Chapter Twenty-Six
CHAPTER TWENTY-SIX
Kieran
If this were a normal day, a day where Ellie hadn't ghosted me, you couldn't have paid me to get on BART. It was over ninety degrees outside, and a slick of sweat greased my grip on the train pole. Bleached September light flooded the train car as we surfaced in West Oakland, and the inside air felt hot enough to bake potatoes. But an icy shard of fear kept me from falling asleep on my feet.
It had been over a week since Tad had found me tangled up with Ellie in the hallway, and she hadn't called, hadn't texted, nothing. Maybe I'd cursed myself all those months ago, not answering her messages full of big words and cool politeness.
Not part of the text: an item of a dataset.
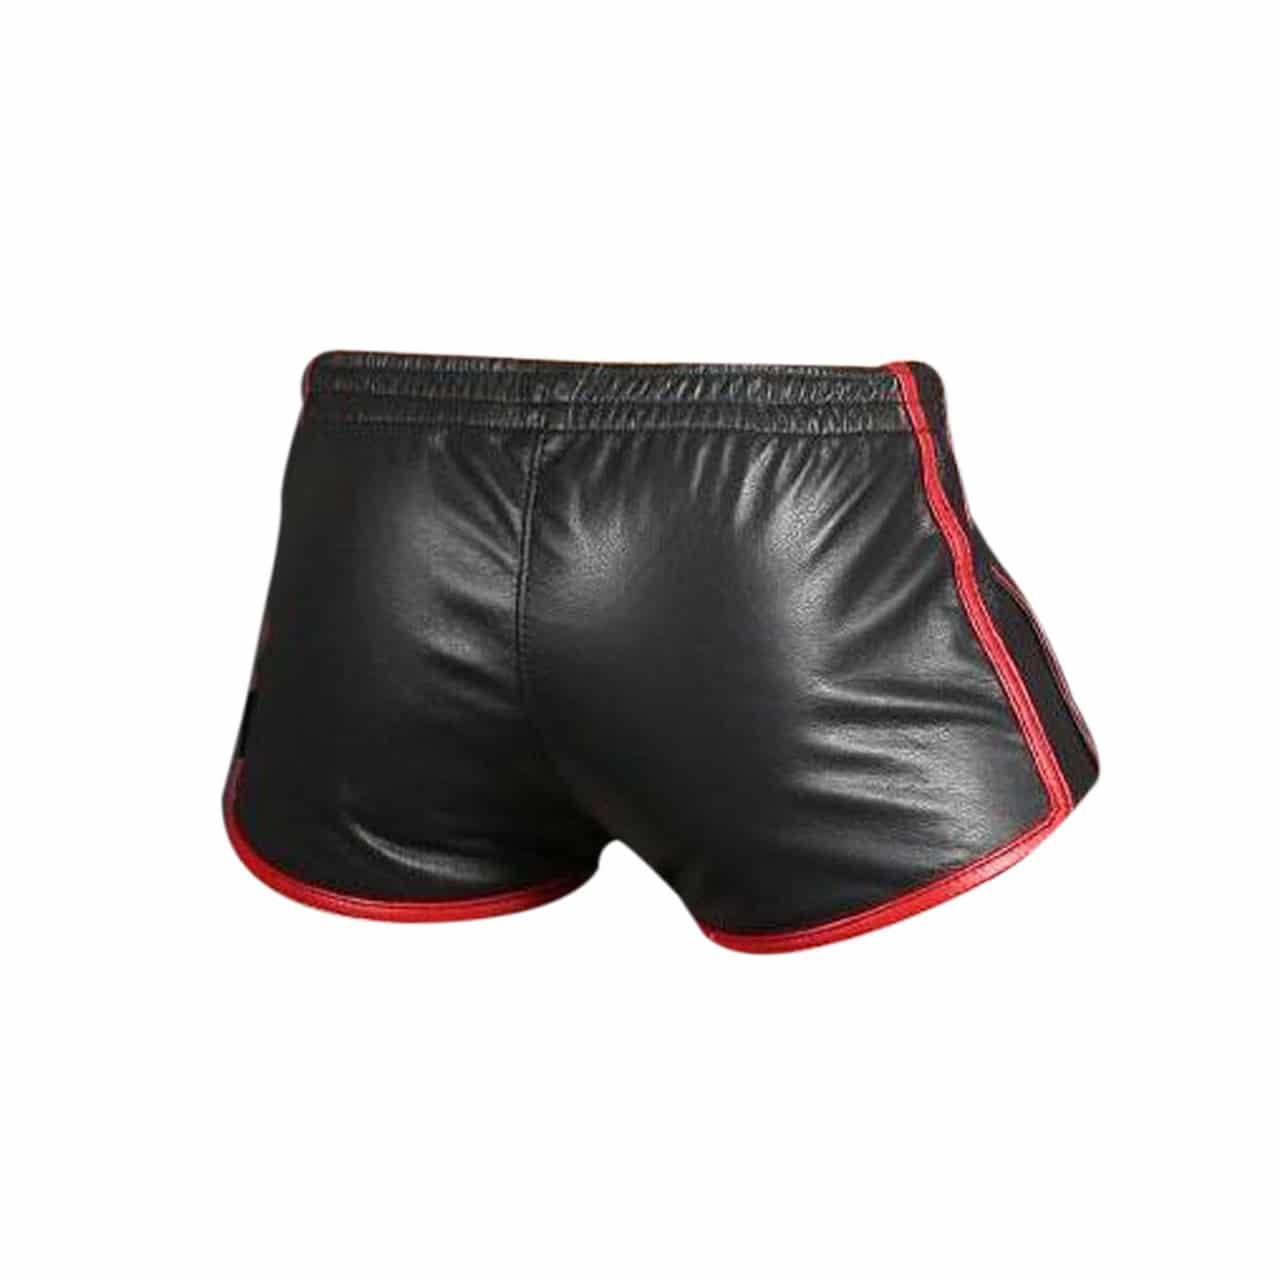 Mens Gym Boxer Sports Shorts Black Soft Sheep Lamb Leather - SHORTS6

It wasn't like this hadn't happened to me before. I'd both ghosted and been ghosted. But it hadn't mattered before, either. I'd never even been able to think this far ahead before her. But now I could see eating breakfast together, not just protein bars. I could see coming back after service to a home that she'd made all warm and cozy, finding her soft and naked in our bed, arms open for me.
All I could do was hold on to the bits of hope she'd given me. She'd called me "honey," not faking it this time. She'd said she wanted me. A sad little voice in my head suggested that maybe she would have said she loved me, since loving and wanting were so close together, if only she'd heard me say it first.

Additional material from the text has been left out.